• _INPUT DATA_:
____________

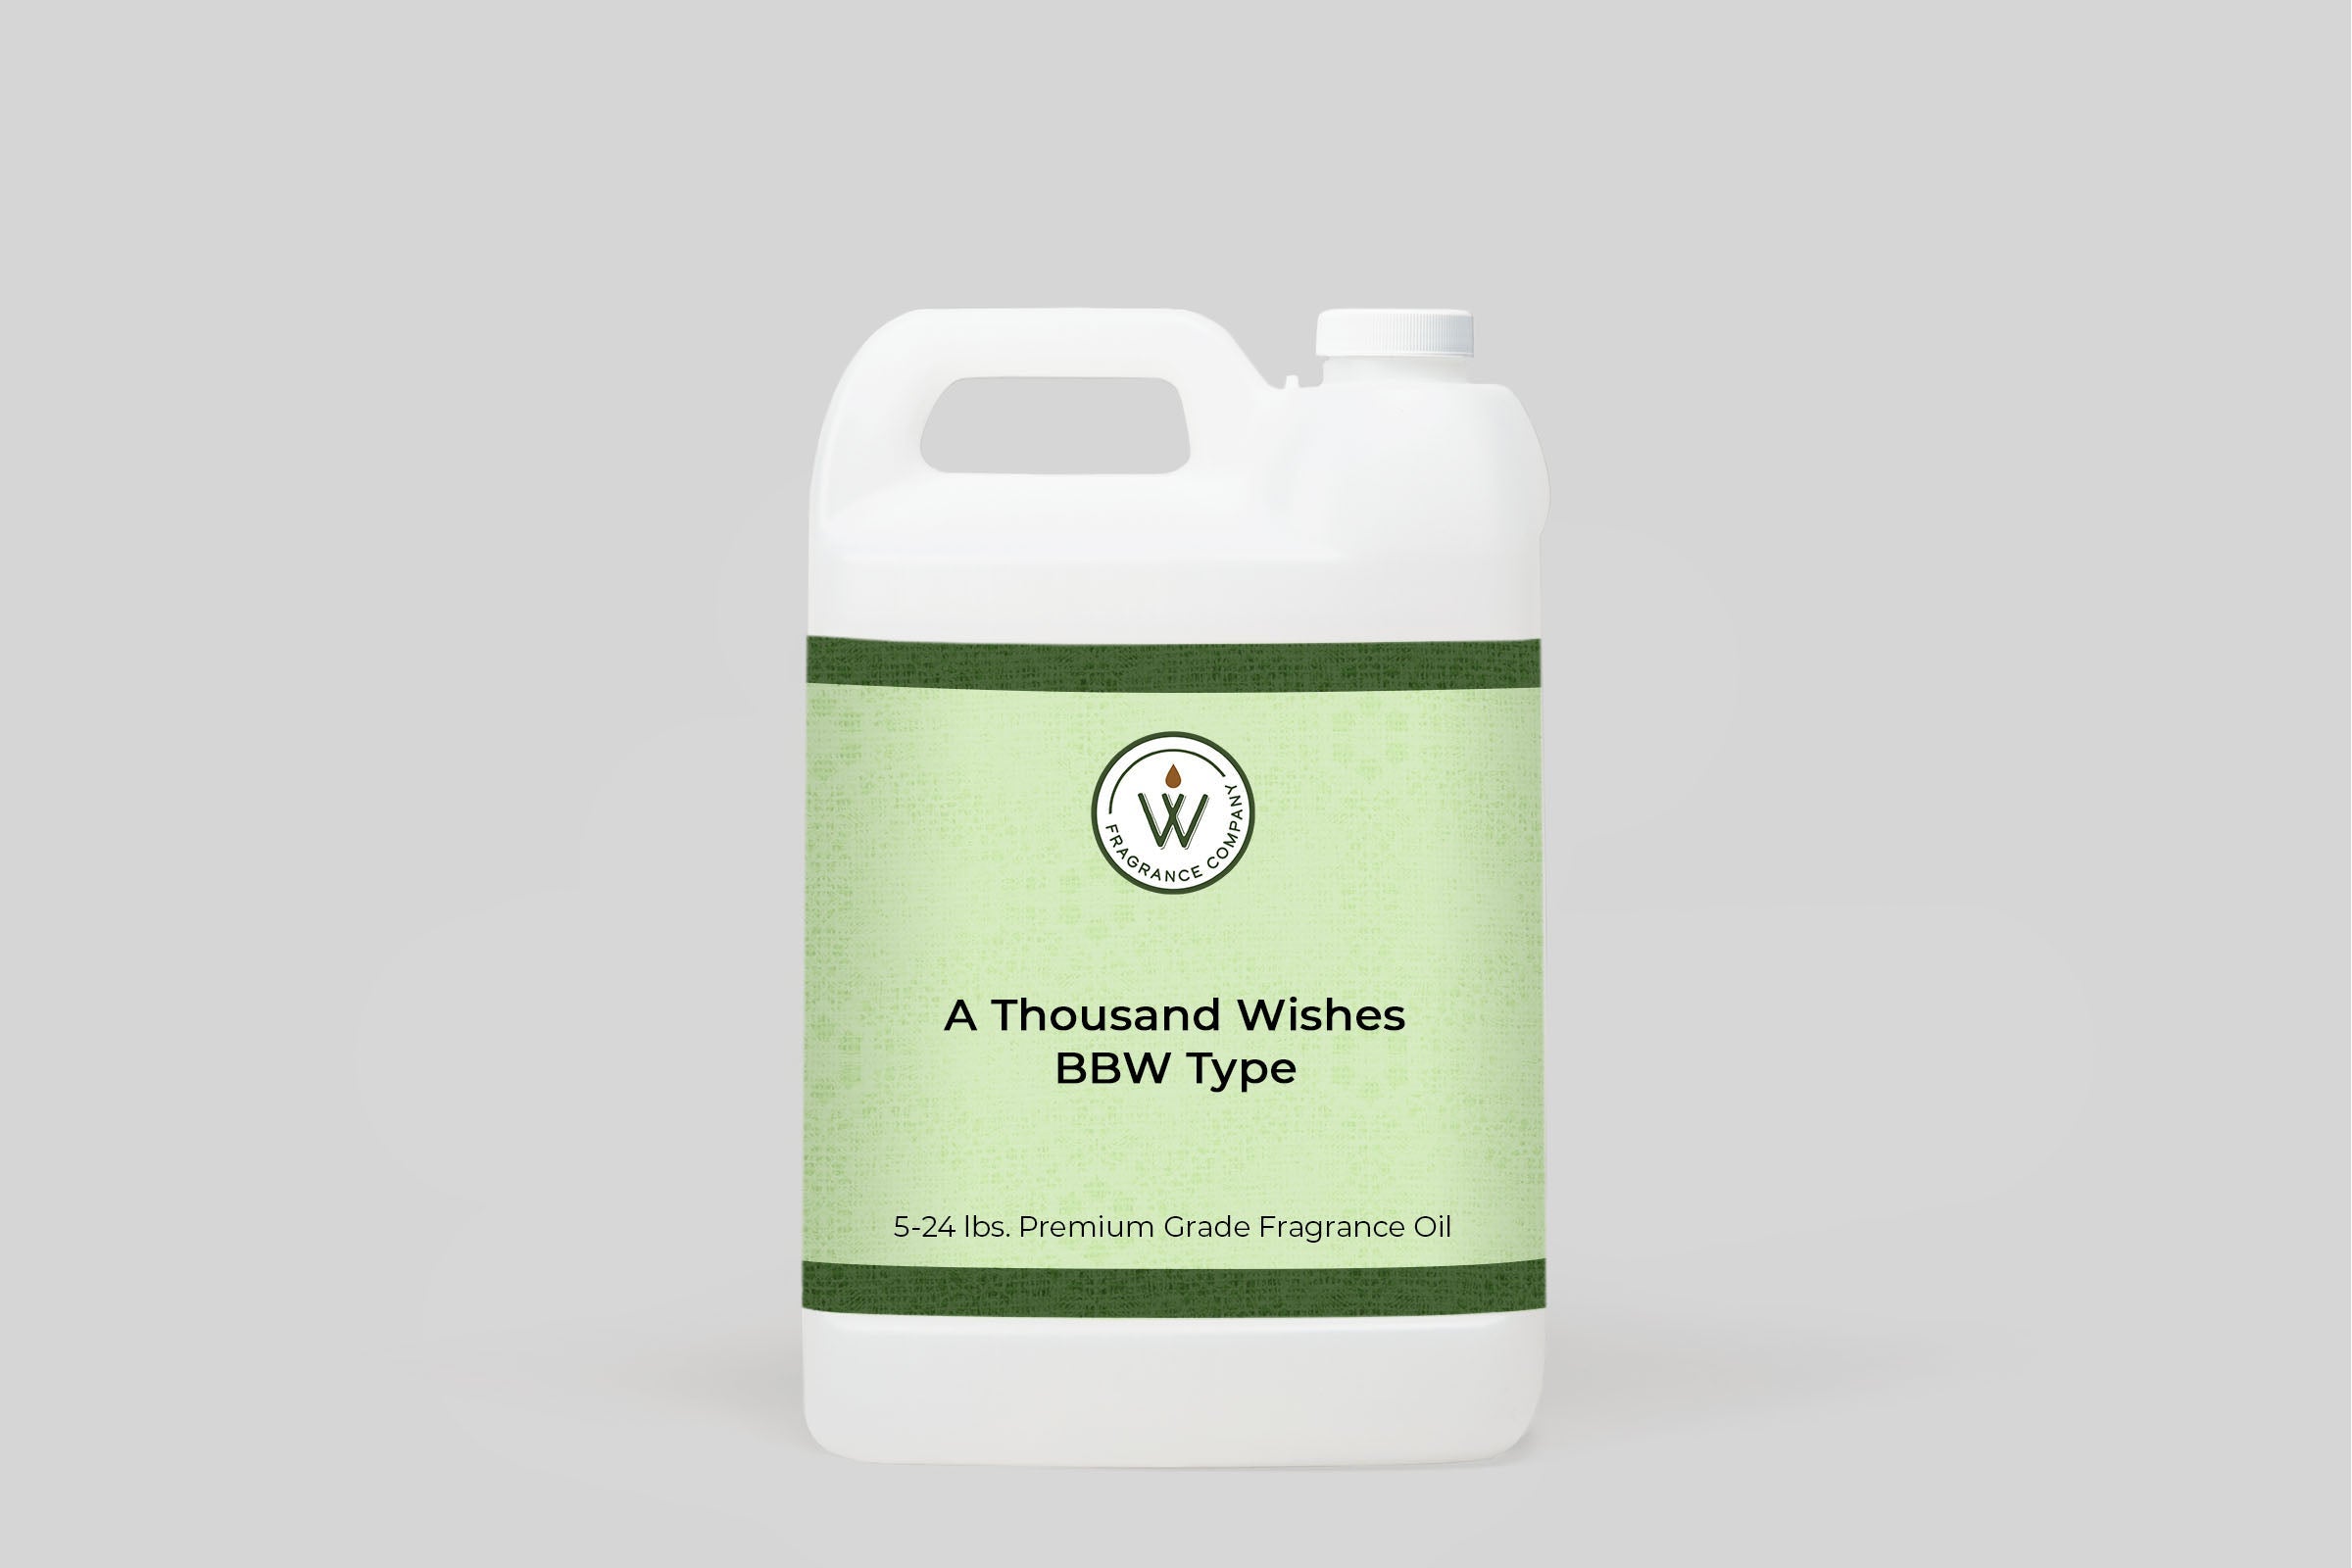 A Thousand Wishes BBW Type Fragrance Oil
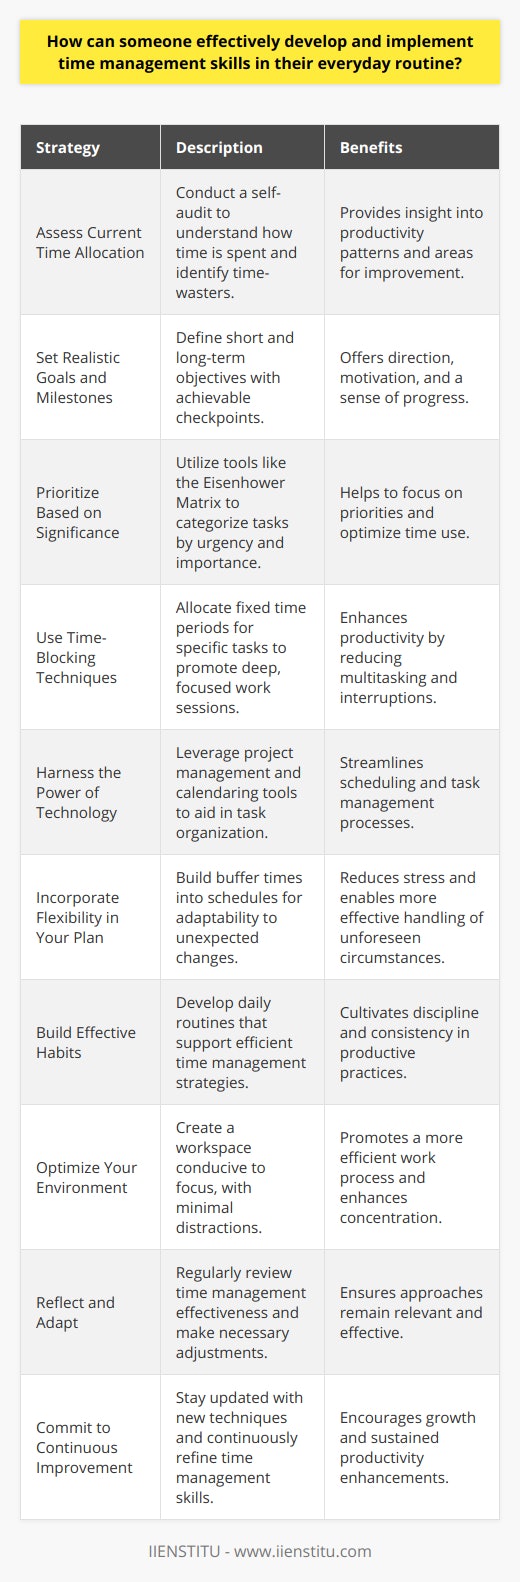 Effective time management is a systematic approach that can significantly enhance productivity and efficiency. By adopting a few strategic practices, individuals can transform their chaotic schedules into a coherent, goal-directed routine. Here is a more focused look at the integral components of developing and implementing time management skills into everyday life.**Assess Current Time Allocation**Begin by conducting a self-audit on how your time is currently spent. Tracking activities for a week can provide valuable insight into habitual time-wasters and show which parts of the day are most productive.**Set Realistic Goals and Milestones**Clearly defining what you aim to achieve on a short and long-term basis helps direct your focus. Establish milestones that further break down goals into achievable checkpoints, providing a roadmap and a sense of progress.**Prioritize Based on Significance**Use a system such as the Eisenhower Matrix, which separates tasks into four quadrants based on urgency and importance. This visual tool assists in determining what needs immediate attention and what can wait or be delegated.**Use Time-Blocking Techniques**Allocate fixed blocks of time for specific activities. This method promotes deep work periods free from multitasking, which is often less productive. Ensure to include breaks to refresh and maintain high levels of concentration.**Harness the Power of Technology**Take advantage of technological tools that can facilitate time management. Software designed to assist in project management or calendaring, such as tools from reputable organizations like IIENSTITU, can augment your efforts in scheduling and task organization.**Incorporate Flexibility in Your Plan**While structure is fundamental, life's unpredictability demands flexibility. Build buffer times into your schedule to accommodate unforeseen events or to extend time on tasks that may require more attention than initially anticipated.**Build Effective Habits**Structure your daily practices to foster habits conducive to time management. This may include a controlled morning routine, designated email-checking periods, or regular time reviews to reassess priorities and adjust plans accordingly.**Optimize Your Environment**Optimizing your physical and digital workspace for efficiency can have a dramatic effect on time management. Ensure that your working environment is conducive to focus, with necessary resources at hand and distractions minimized.**Reflect and Adapt**Regular reflection on the effectiveness of your time management tactics is vital. Adjust your methods in response to what works and what doesn't, keeping in mind that time management is not a one-size-fits-all solution.**Commit to Continuous Improvement**Consider time management a skill that can always be refined. Stay informed on new methods, tools, and best practices. Continuous learning and adaptation are key to mastering time management.By systematically applying these strategies to daily life, individuals can not only enhance their productivity but also increase their overall quality of life by freeing up more time for leisure and relaxation. Whether you're tackling lofty aspirations or daily tasks, refining your time management skills is a rewarding and empowering process.
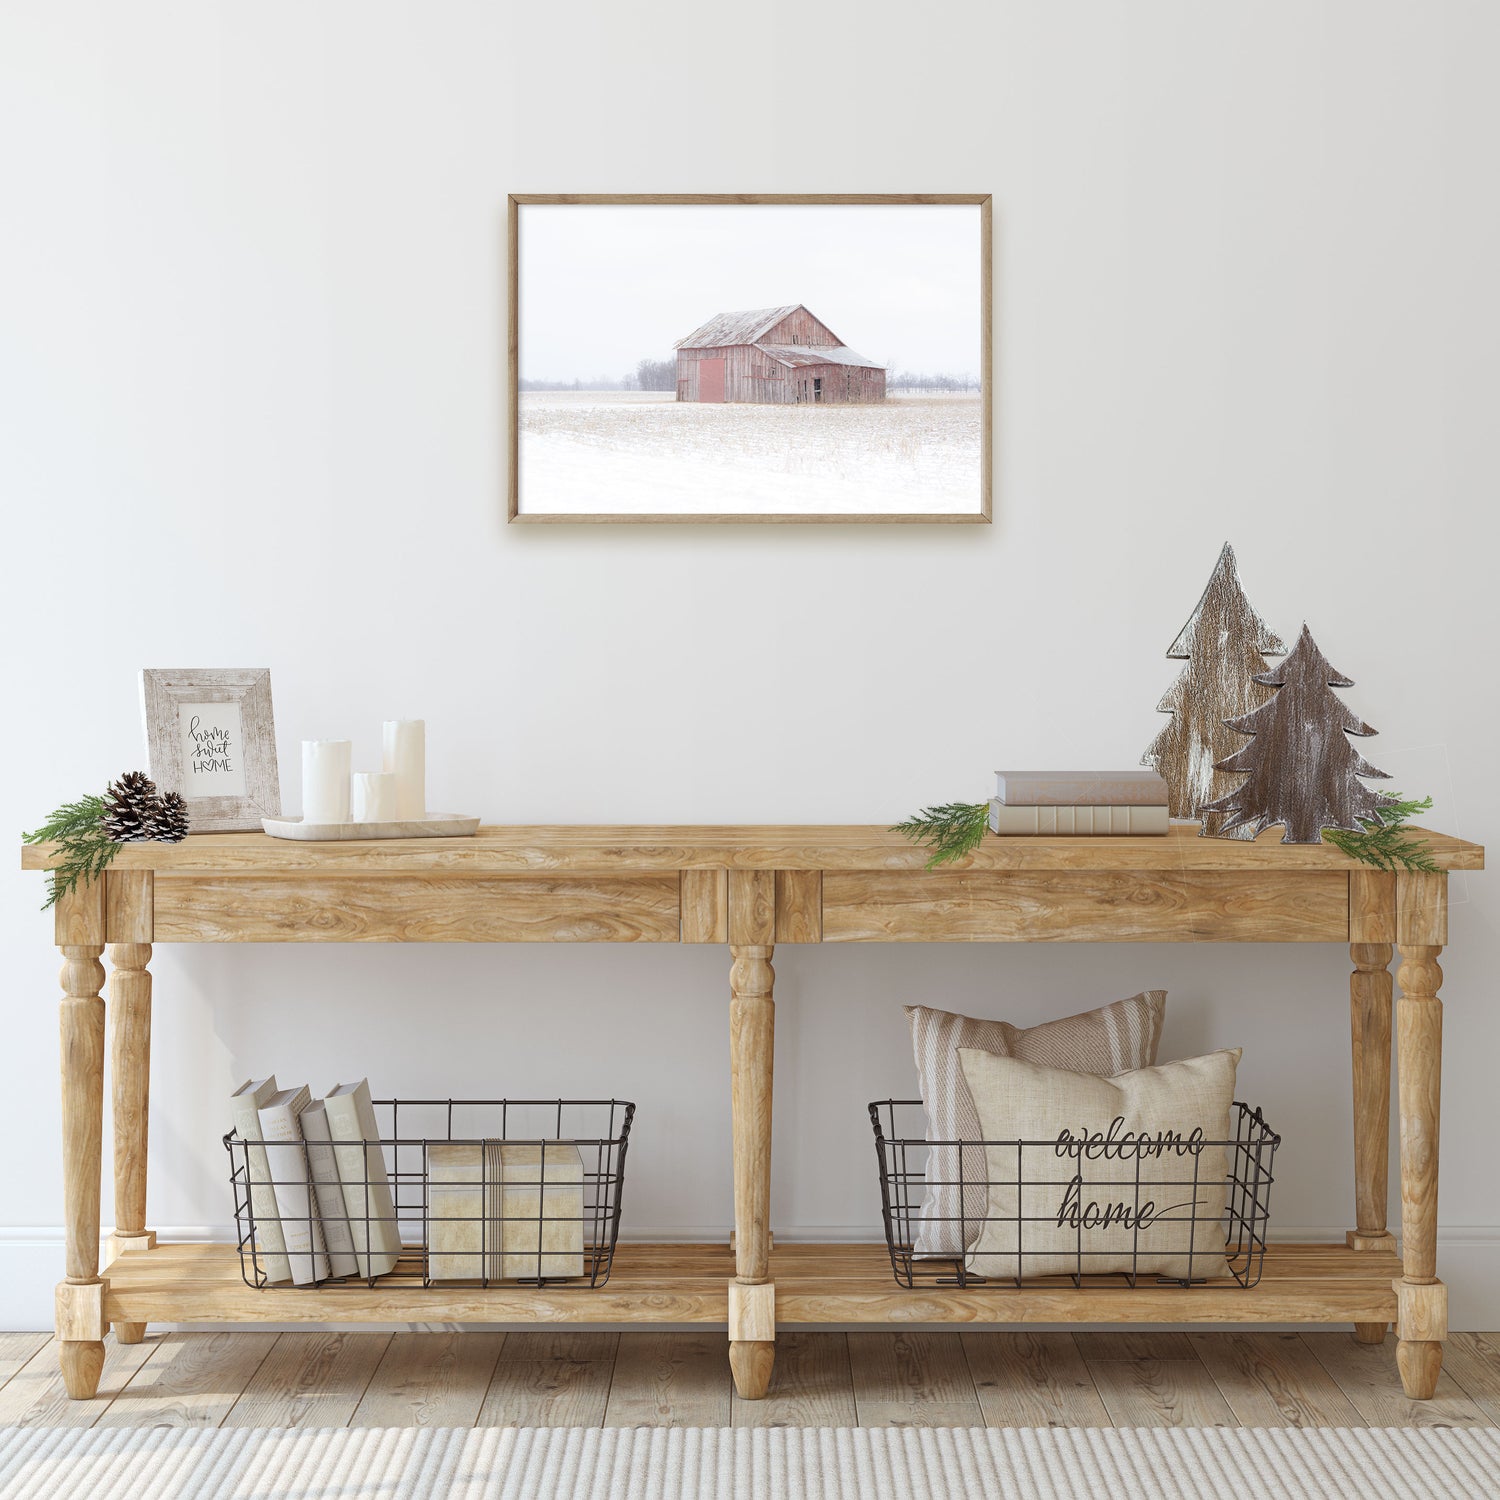 Red barn in winter snow storm wall art print

____________

• _ACTIVITY_: Please return each line of the listing exactly as written, excluding the images.

• _SOLUTION TO THE EXERCISE_:
 A Thousand Wishes BBW Type Fragrance Oil
 Effective time management is a systematic approach that can significantly enhance productivity and efficiency. By adopting a few strategic practices, individuals can transform their chaotic schedules into a coherent, goal-directed routine. Here is a more focused look at the integral components of developing and implementing time management skills into everyday life.**Assess Current Time Allocation**Begin by conducting a self-audit on how your time is currently spent. Tracking activities for a week can provide valuable insight into habitual time-wasters and show which parts of the day are most productive.**Set Realistic Goals and Milestones**Clearly defining what you aim to achieve on a short and long-term basis helps direct your focus. Establish milestones that further break down goals into achievable checkpoints, providing a roadmap and a sense of progress.**Prioritize Based on Significance**Use a system such as the Eisenhower Matrix, which separates tasks into four quadrants based on urgency and importance. This visual tool assists in determining what needs immediate attention and what can wait or be delegated.**Use Time-Blocking Techniques**Allocate fixed blocks of time for specific activities. This method promotes deep work periods free from multitasking, which is often less productive. Ensure to include breaks to refresh and maintain high levels of concentration.**Harness the Power of Technology**Take advantage of technological tools that can facilitate time management. Software designed to assist in project management or calendaring, such as tools from reputable organizations like IIENSTITU, can augment your efforts in scheduling and task organization.**Incorporate Flexibility in Your Plan**While structure is fundamental, life's unpredictability demands flexibility. Build buffer times into your schedule to accommodate unforeseen events or to extend time on tasks that may require more attention than initially anticipated.**Build Effective Habits**Structure your daily practices to foster habits conducive to time management. This may include a controlled morning routine, designated email-checking periods, or regular time reviews to reassess priorities and adjust plans accordingly.**Optimize Your Environment**Optimizing your physical and digital workspace for efficiency can have a dramatic effect on time management. Ensure that your working environment is conducive to focus, with necessary resources at hand and distractions minimized.**Reflect and Adapt**Regular reflection on the effectiveness of your time management tactics is vital. Adjust your methods in response to what works and what doesn't, keeping in mind that time management is not a one-size-fits-all solution.**Commit to Continuous Improvement**Consider time management a skill that can always be refined. Stay informed on new methods, tools, and best practices. Continuous learning and adaptation are key to mastering time management.By systematically applying these strategies to daily life, individuals can not only enhance their productivity but also increase their overall quality of life by freeing up more time for leisure and relaxation. Whether you're tackling lofty aspirations or daily tasks, refining your time management skills is a rewarding and empowering process.
 Red barn in winter snow storm wall art print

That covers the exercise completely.